Я забралась под пыльное мягкое покрывало и свернулась клубочком. Лежала и вслушивалась в шум ветра в кронах деревьев и невольно думала о бедном Джеке, который остался где-то там, далеко, и теперь уж наверняка обнаружил, что я пропала.
Наконец я задремала, хотя и так уже чувствовала себя как во сне — одинокая, отрезанная от всего, что знала. Дирижабли проплывали над парком через одинаковые промежутки времени, и в конце концов знакомый гул их двигателей усыпил меня по-настоящему.
Я проснулась неожиданно, в совершенной темноте, от собачьего лая и какого-то металлического звона.
Вылезла из-под теплого покрывала; полог был задернут и плотно привязан к раме повозки снаружи, похоже, специальными завязками.
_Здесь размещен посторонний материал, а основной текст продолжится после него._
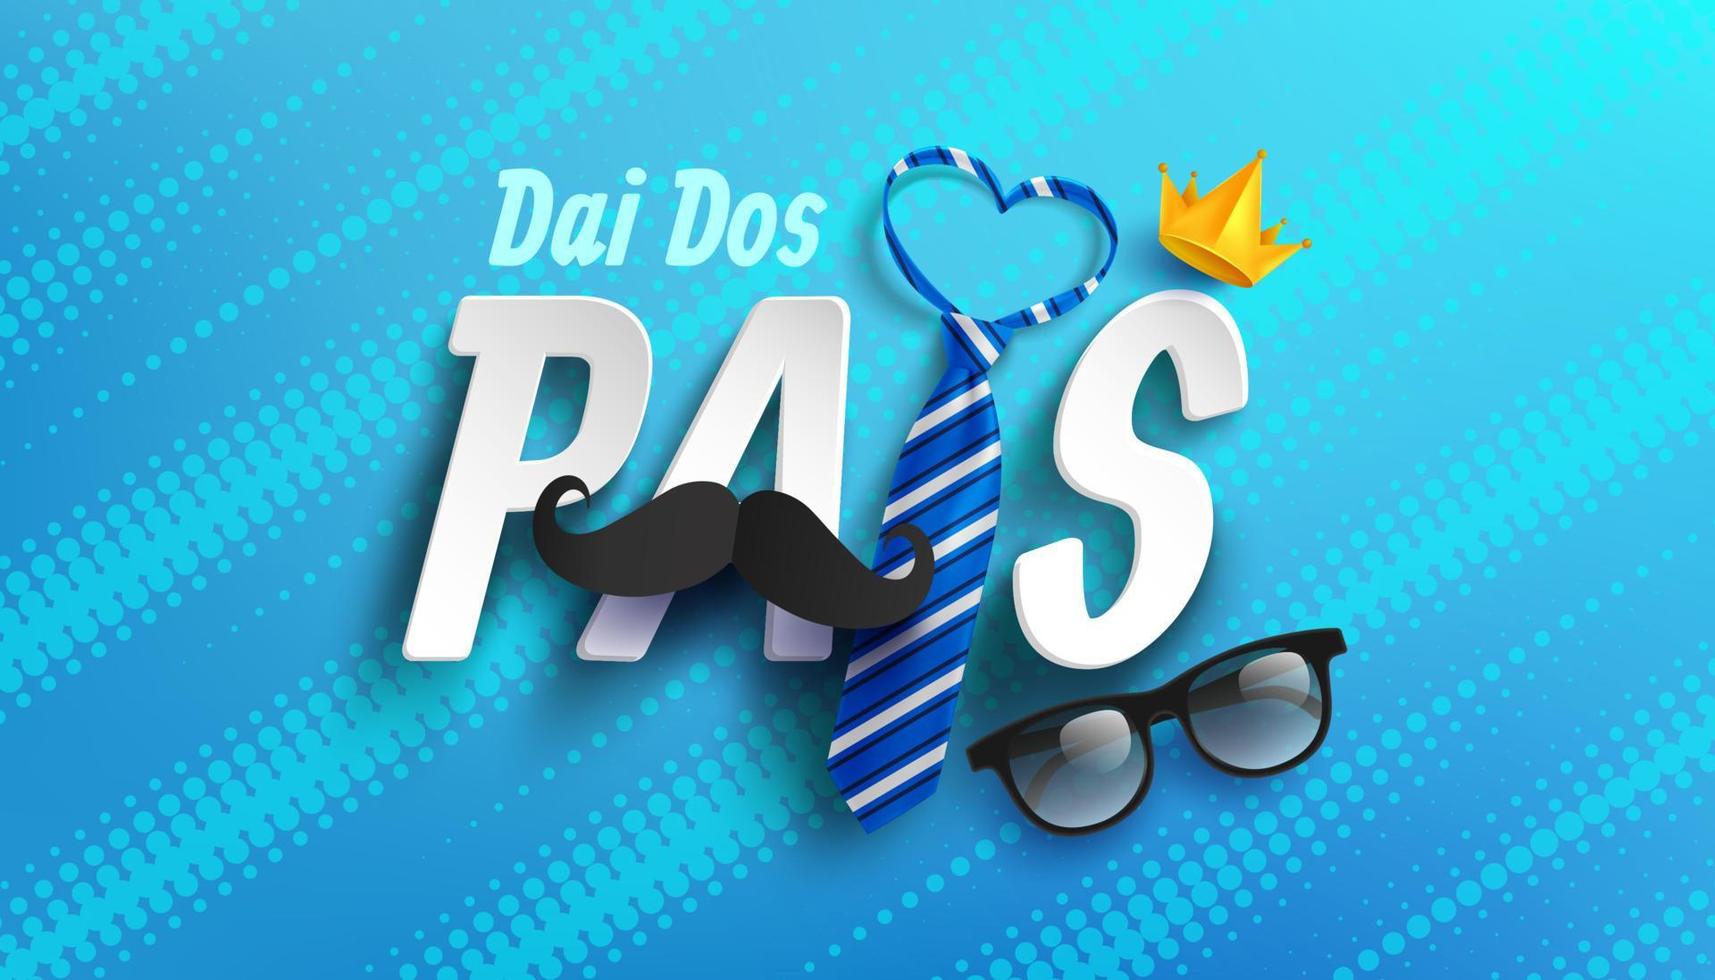 gelukkige vaderdagkaart in Portugese woorden met stropdas en bril voor papa op blue.promotion en winkelen sjabloon voor vaders day.vector illustratie eps10 vector

— Что, что случилось? — позвала я в темноте. Собаки лаяли и рычали где-то совсем рядом с повозкой. Сердце гулко колотилось. Повозка дернулась, я опрокинулась назад, ушиблась головой о полосатый шест и вскрикнула. Рывки сменились ощущением быстрого движения, поначалу дерганого, как будто мы стремительно неслись по кочкам, затем неожиданно выровнявшегося (выехали на тропинку?), а потом застучали подковы, и повозка затряслась по мостовой. Я скрючилась от боли среди веревок и каких-то колышков и затаилась, вцепившись в холстину. Лай и рычание постепенно растаяли вдалеке. Тогда я выбралась наружу, к Яго. Он правил повозкой, сосредоточенно натягивая поводья.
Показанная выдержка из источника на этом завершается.